Between one-third to half of all undocumented immigrants could gain legal status and obtain a green card if a series of yet-to-be introduced Republican piecemeal proposals become law, according to a new report released on Tuesday by the non-partisan public policy organization, National Foundation for American Policy.
The report is the first attempt to estimate the number of people that would be eligible for lawful permanent residence (a precursor to citizenship), if a House proposal were favored over the Senate’s comprehensive immigration bill. Because “no legislative text exists” on a specific legalization bill, the author Stuart Anderson based his calculations on what House Republican leaders have already publicly supported. Anderson argued that those most likely to be eligible for green cards are also those who have the “strongest connection to the United States and least likely to leave voluntarily.” Those people include parents of American-born children (3.1 million to 4.4 million), spouses of American citizens or lawful permanent resident spouses (800,000 to 1.5 million), and so-called DREAMers, or undocumented youths who were brought to the United States as children (40,000 to 45,000). Together, the categories add up to 4.4 million to 6.5 million undocumented immigrants.
For the sake of comparison, a Congressional Budget Office report estimates that the Senate’s comprehensive immigration bill would likely allow eight million undocumented immigrants to become eligible for lawful permanent residence.
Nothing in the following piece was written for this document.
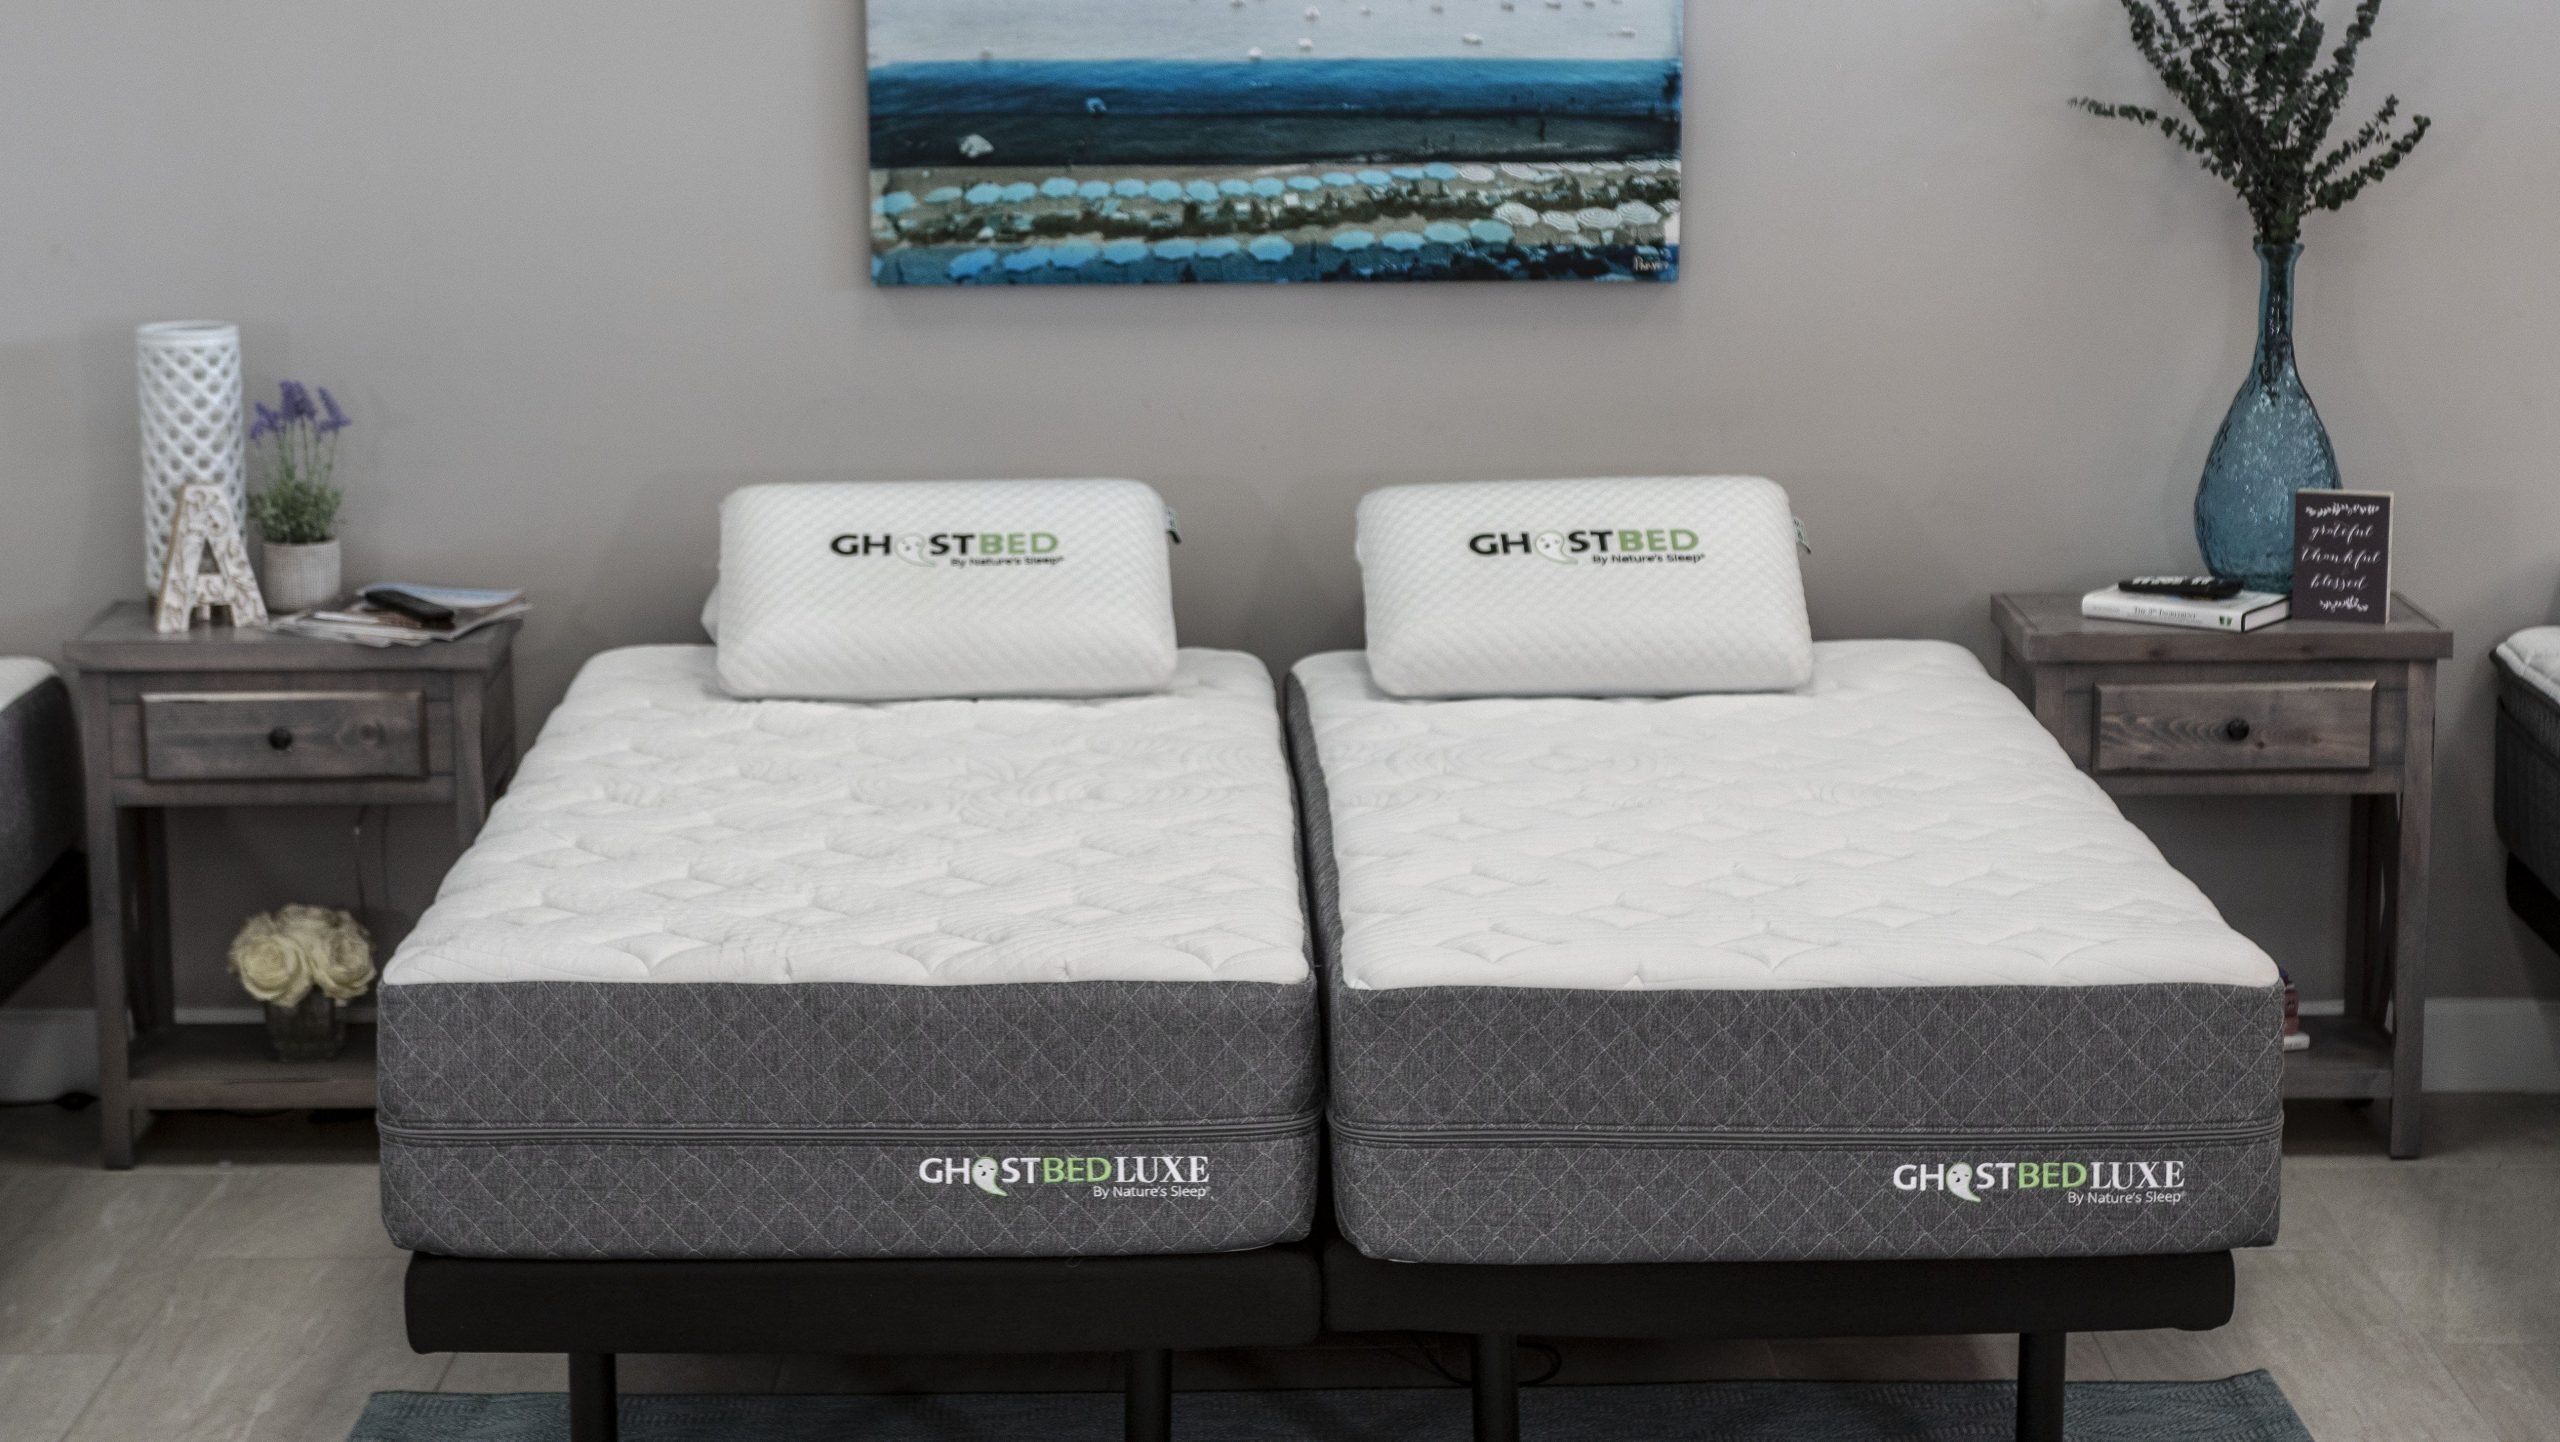 Guide: Why Buy a Split King Mattress Bed in 2020

Still, granting citizenship would in fact provide the biggest economic boon. Naturalized citizens earn 11 percent more than legal noncitizens. One report found that in a scenario in which immigrants are granted immediate citizenship, the U.S. gross domestic product (GDP) would grow by an additional $1.4 trillion over a ten-year period. Immigrants who are granted legal status, but are ineligible for citizenship, would also grow the economy, but the cumulative gain in U.S. GDP would be $832 billion.